Gordon covered the powder room vanity in pearly shells and, in a jolt of inspiration, created elaborate sea creature corbels between the walls and ceiling, framing the window above the sink.

Aquatic decorative pieces -- coral, conches, giant clamshells -- are in fashion these days, but Brunner sees the look as timeless. “Seashells are romantic,” she says. “They transport you.”

The two-story, 3,000-square-foot house began as an L-shaped screenwriter’s cottage and had undergone a series of thoughtful additions and upgrades, including dark, polished oak floors throughout most of the house and pedestal sinks from Waterworks in a beautiful blue-tiled master bath.

“I was lucky,” Brunner says. “I did not have to do a lot of structural work. The only thing I had to do in the kitchen was to match the countertops with the same Carrara marble that was already on the island.”

Elsewhere, however, she unleashed her creativity. As an employee of a travel magazine, Brunner looked at every business trip as an opportunity to bring home decorative arts and make each room a destination.

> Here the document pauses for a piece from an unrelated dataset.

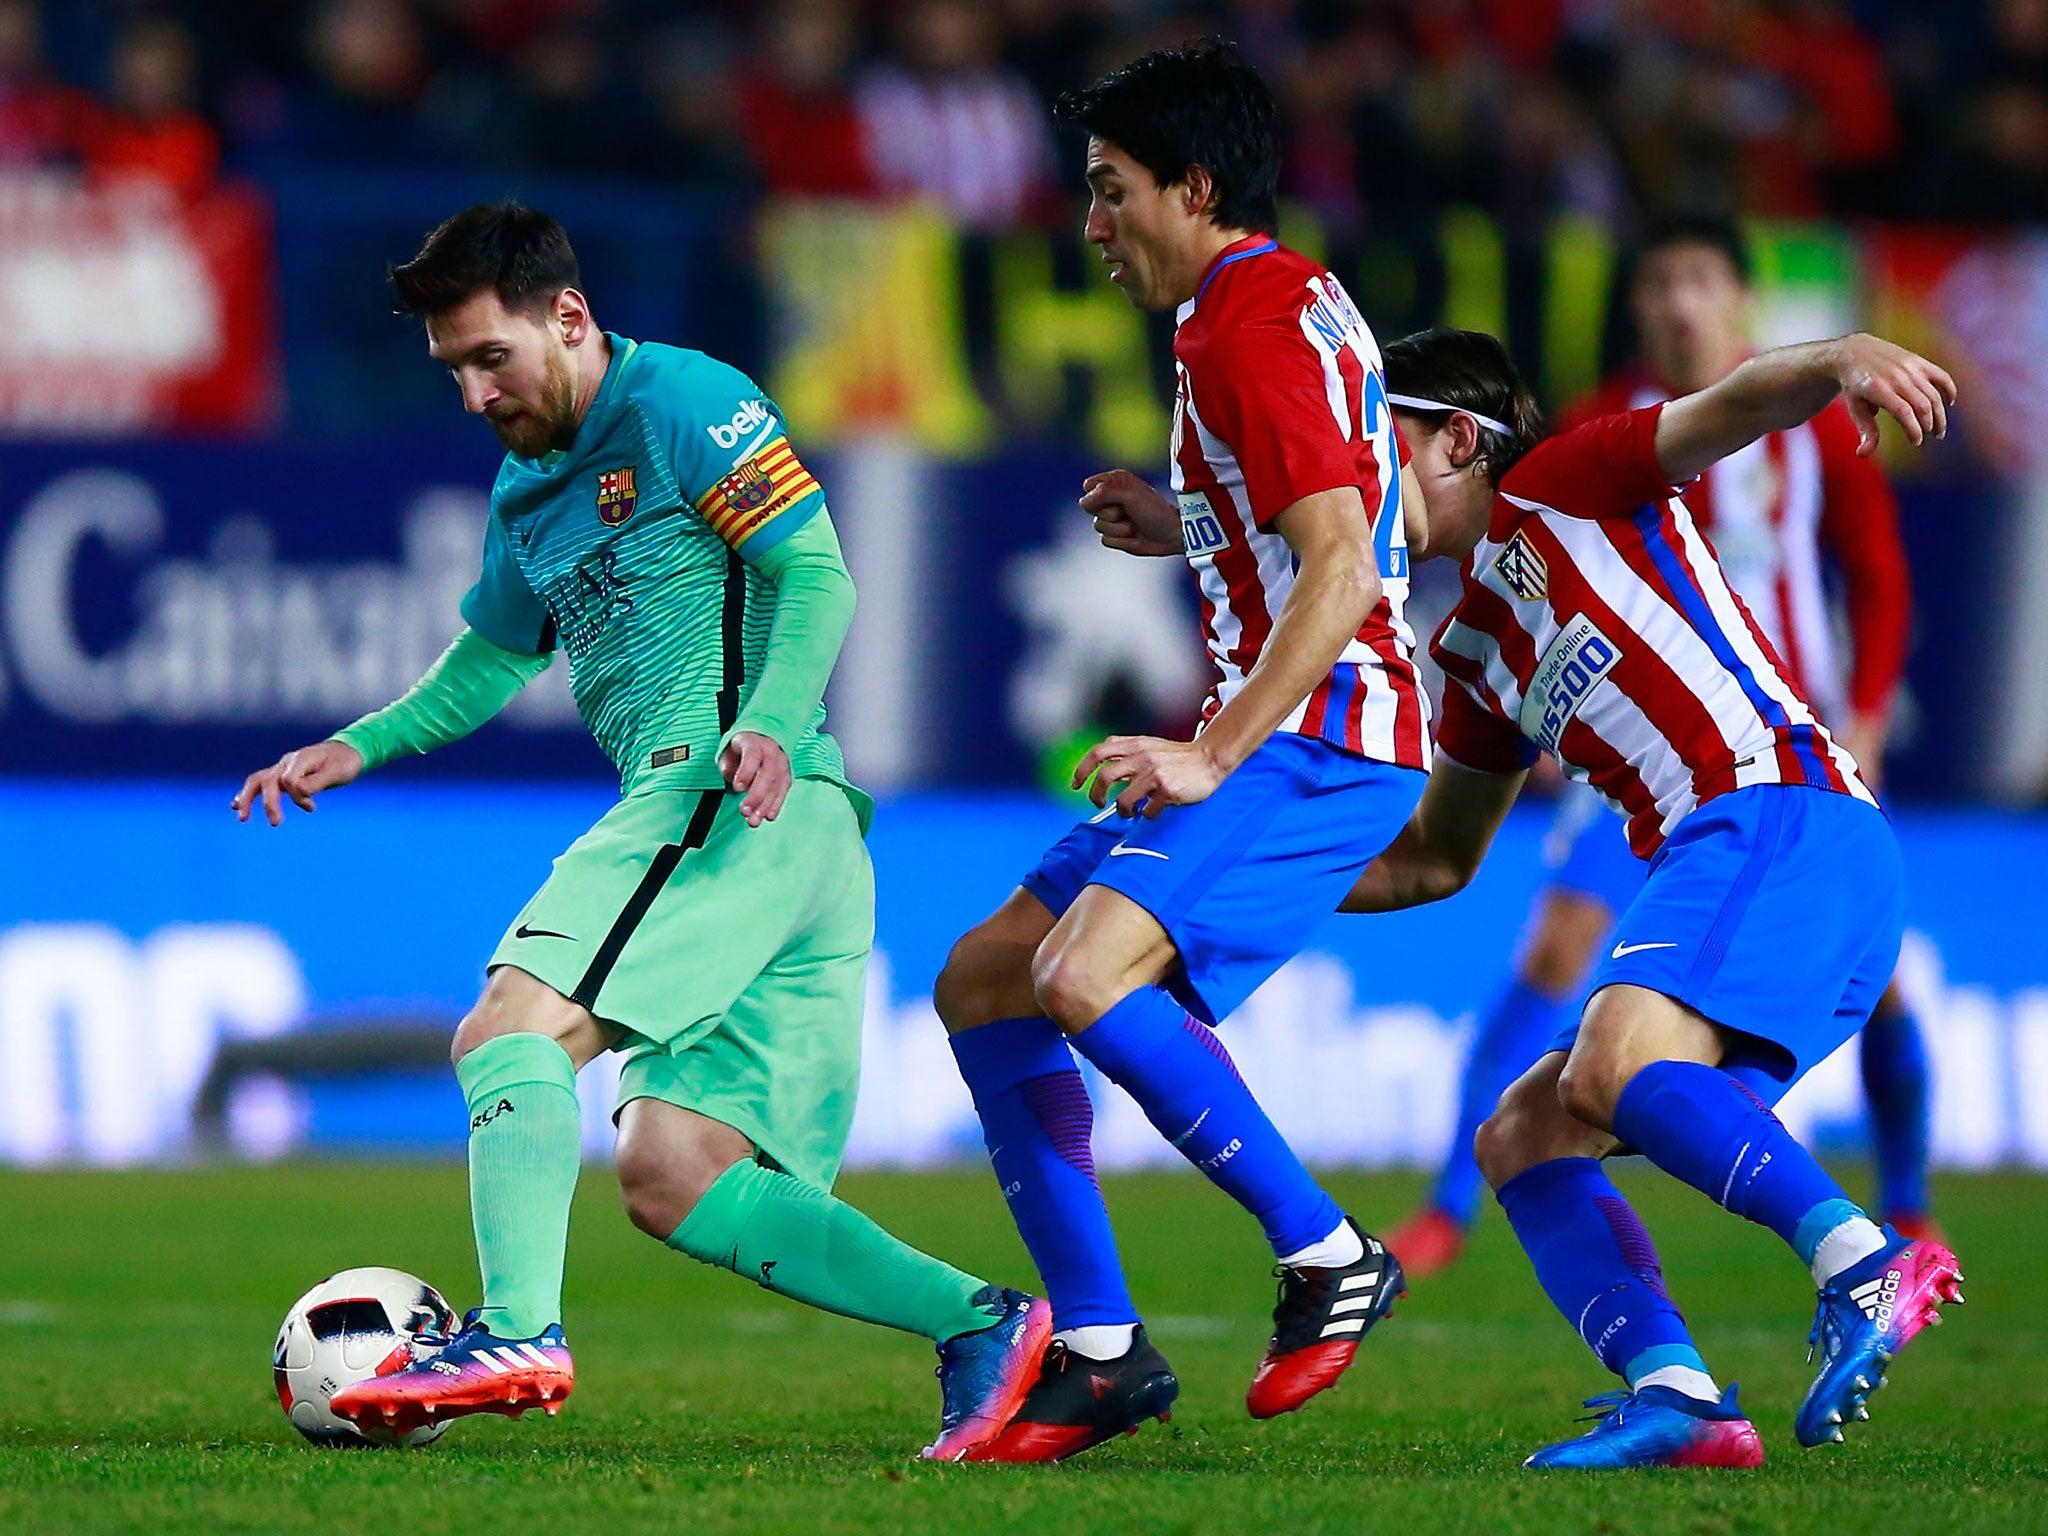 atl�tico madrid vs barcelona - photo #16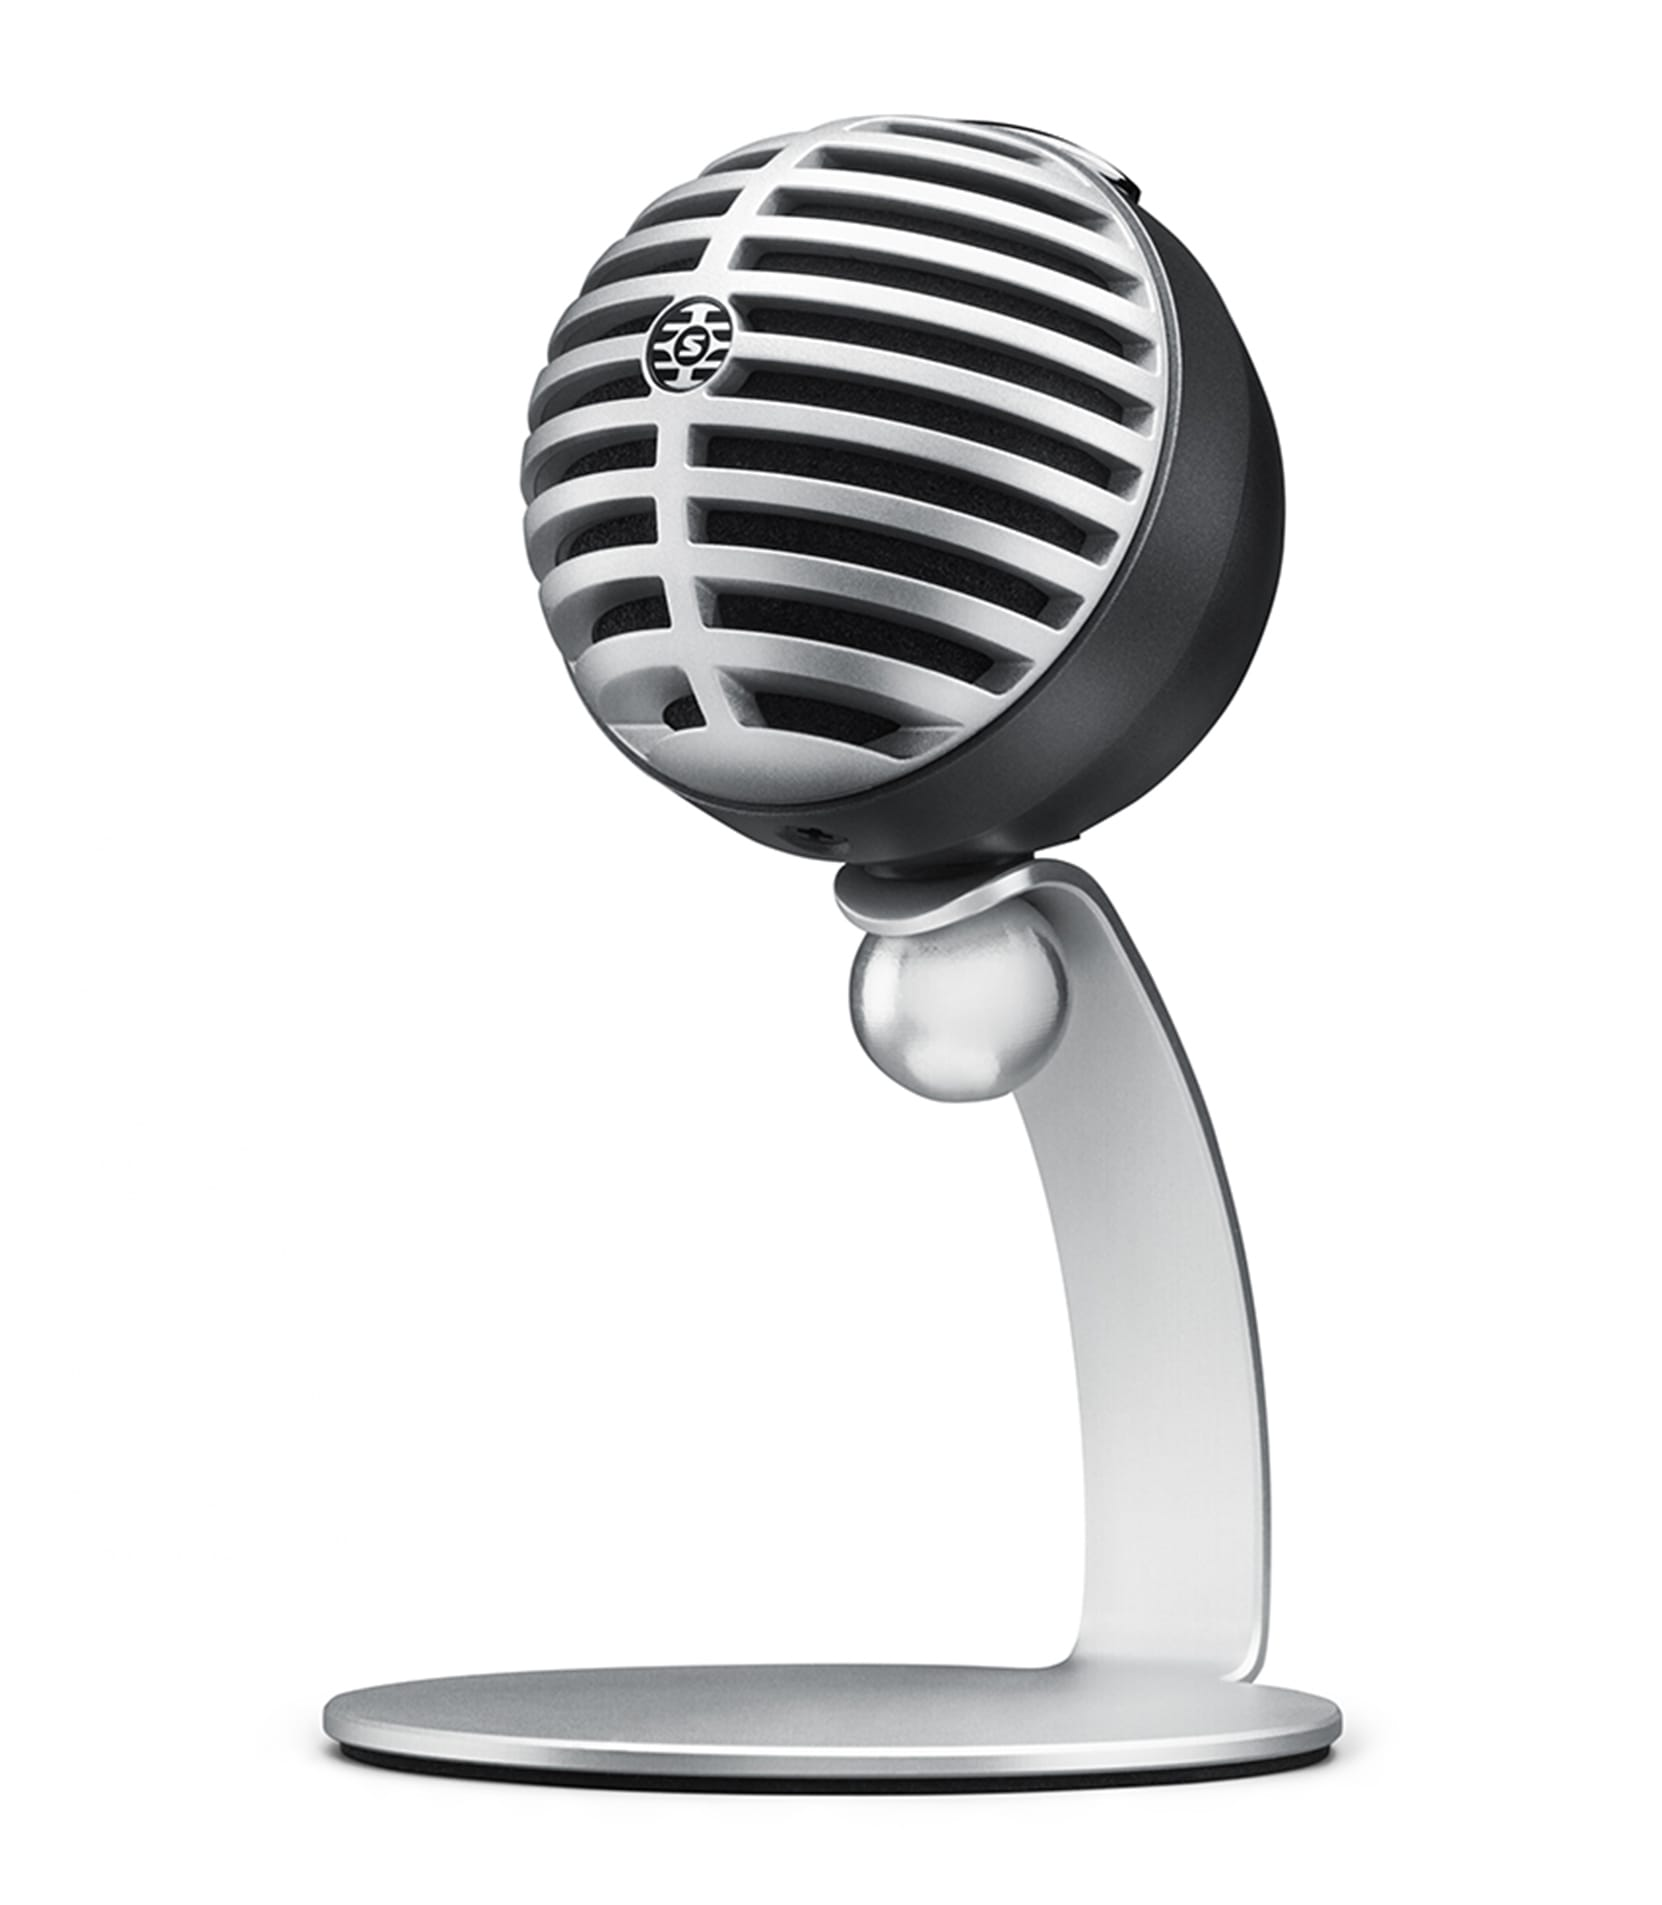 Buy shure MV5 LTG Digital condenser microphone Grey Melody House

The guest wing, which houses an office, has an East Coast beach house vibe, with fisherman’s netting thrown over a table and a lamp made from a mariner statuette that she found lurking in a corner of a thrift shop. In the dining room, framed Polynesian restaurant menus, Chinese toile print chair covers and silk sari fabric sewn into curtains create an Asian ambience. A hallway with paintings of Morocco and a collection of antique kohl mascara bottles conjures up Marrakech.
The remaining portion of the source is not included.